The scale-location plot allows us to see whether or not the variability of the residuals is

roughly constant within each group. Here’s the plot:

plot(festuca_model, which = 3, add.smooth = FALSE)

We’re on the lookout for a systematic pattern in the size of the residuals and the fitted

values—does the variability go up or down with the fitted values? There is no such pattern so

it looks like the constant variance assumption is at least satisfied here.

We’ve identified one potential problem. We’ll ignore it for now and press on. The goal here

is to learn the work flow for two-way ANOVA in R. However, keep in mind that if we were

serious about the analysis we should find a way to ‘fix’ it, for example using the methods we

discussed in the data visualisation section e.g. log transformation.

Interpreting the results

Now we’re ready to calculate the degrees of freedom, sums of squares, mean squares, the Fratio, and p-values for the main effects and the interaction terms:

anova(festuca_model)

What does all this mean? We interpret each line of the ANOVA table in exactly the same way

as we do for a one-way ANOVA. The first part tells us what kind of output we are looking at:

This reminds us that we are looking at an ANOVA table where our response variable was

called Weight. The table contains the key information:

This ANOVA table is similar to the ones we have already seen, except that now we have to

consider three lines—one for each term in the model. The first is for the main effect of pH,

the second for the main effect of Calluna, the third for the interaction between pH

and Calluna.

The F-ratio is the test statistic for each term. These provide a measure of how large and

consistent the effects associated with each term are. Each F-ratio has a pair of degrees of

freedom associated with it: one belonging to the term itself, the other due to the error

(residual). Together, the F-ratio and its degrees of freedom determines the p-value.

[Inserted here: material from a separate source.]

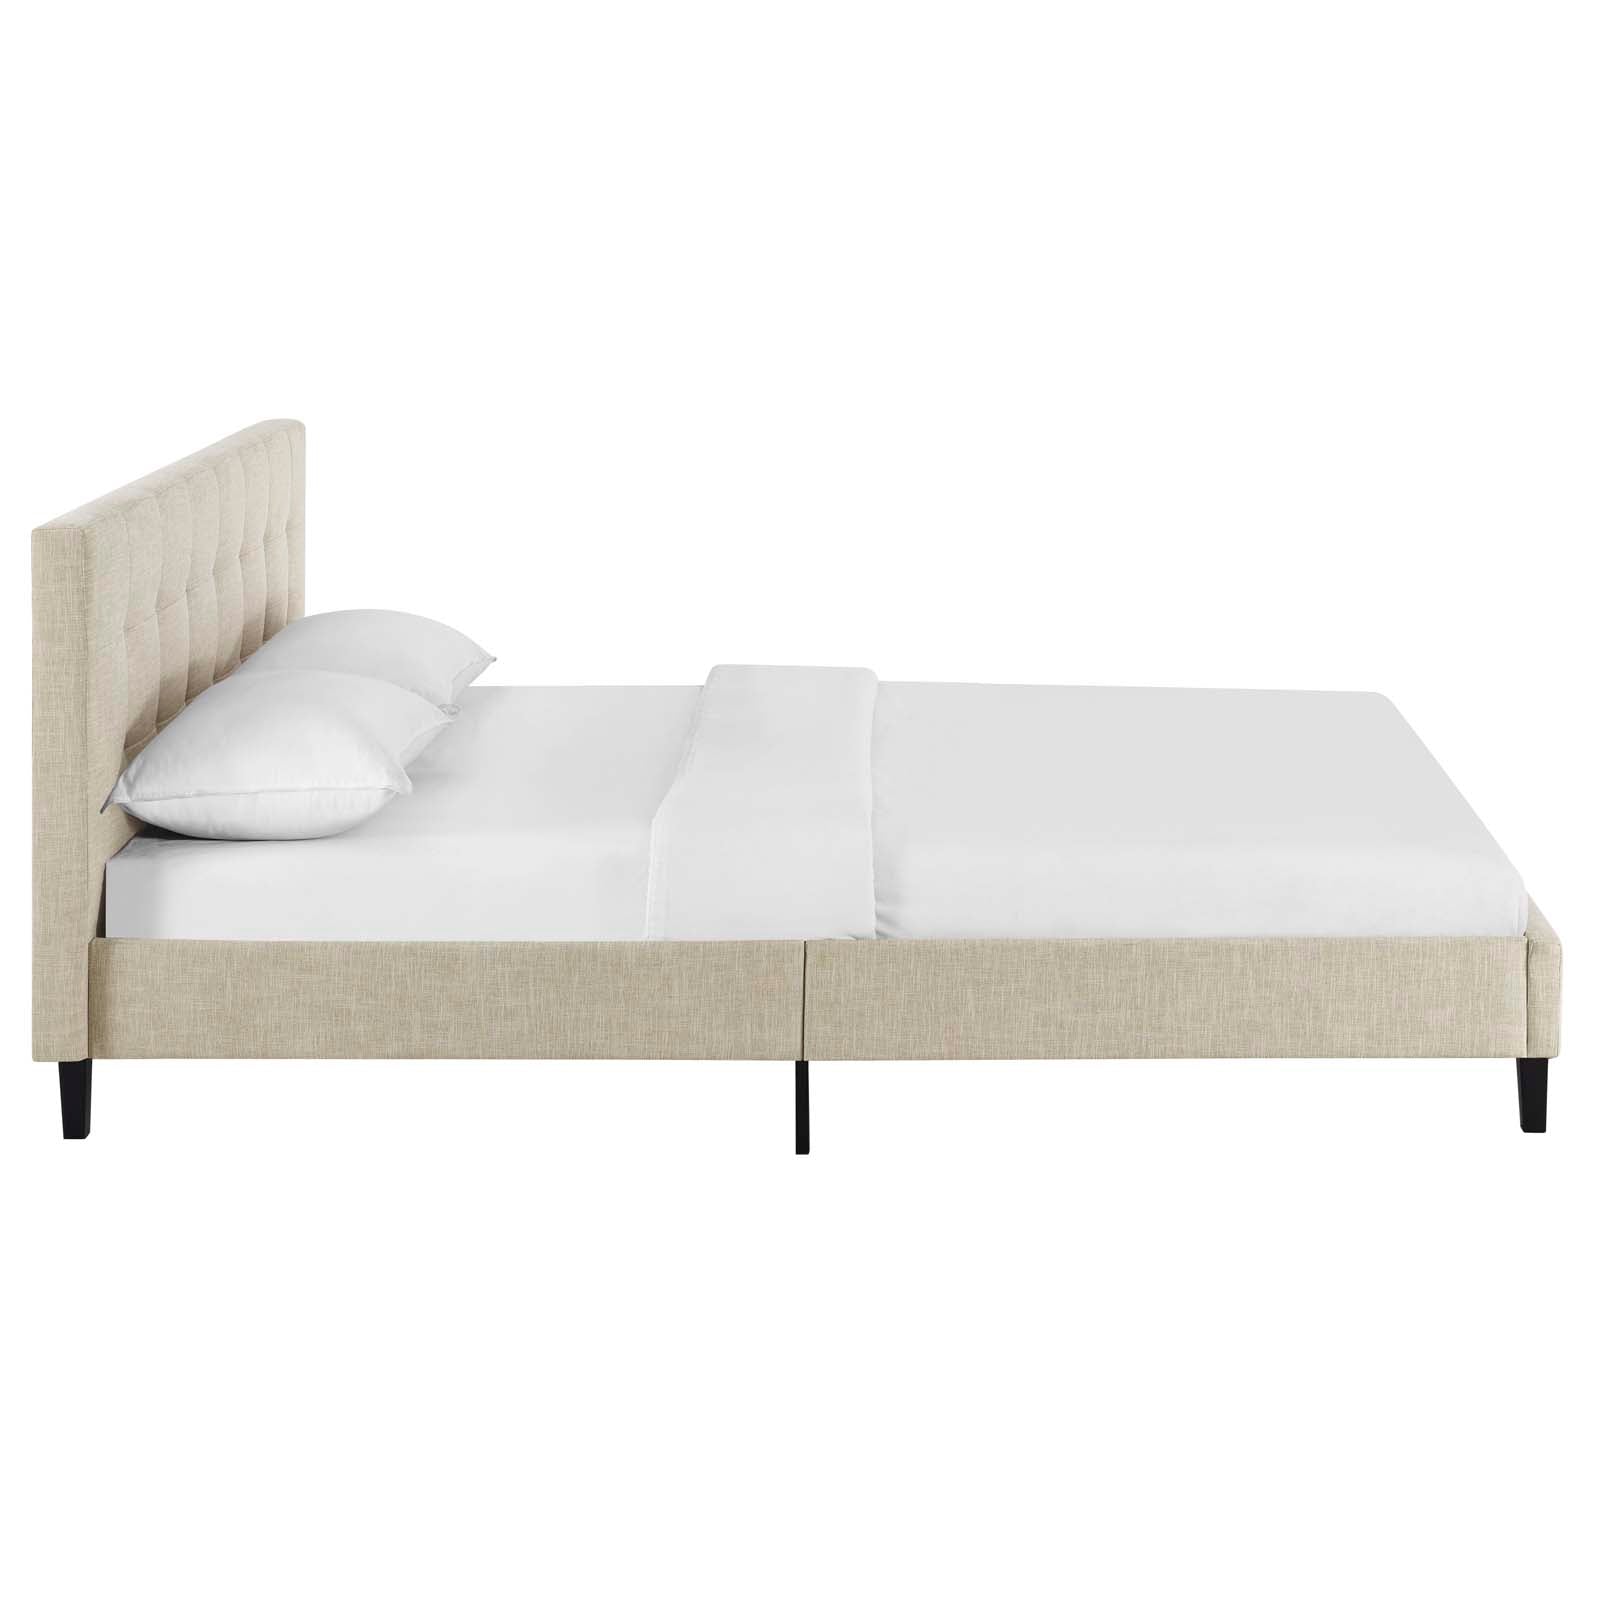 Modway Beds - Linnea Full Bed Beige

The p-value gives the probability that the differences between the set of means for each term

in the model, or a more extreme difference, could have arisen through sampling variation

under the null hypothesis of no difference. We take p < 0.05 as evidence that at least one of

the treatments is having an effect. Here, p < 0.05 for three effects, so we conclude both main

effects and the interaction are significant (though at different significance levels).

The ANOVA table tells us nothing about the direction of the effects. We have to delve a little

further into the fitted model or plot the data to be able to do this. The presence of an

interaction between treatments indicates that the impact of one factor depends on the levels

of the other factor. This means that if there is a significant interaction in a two-way ANOVA,

then the main effects should be interpreted with care.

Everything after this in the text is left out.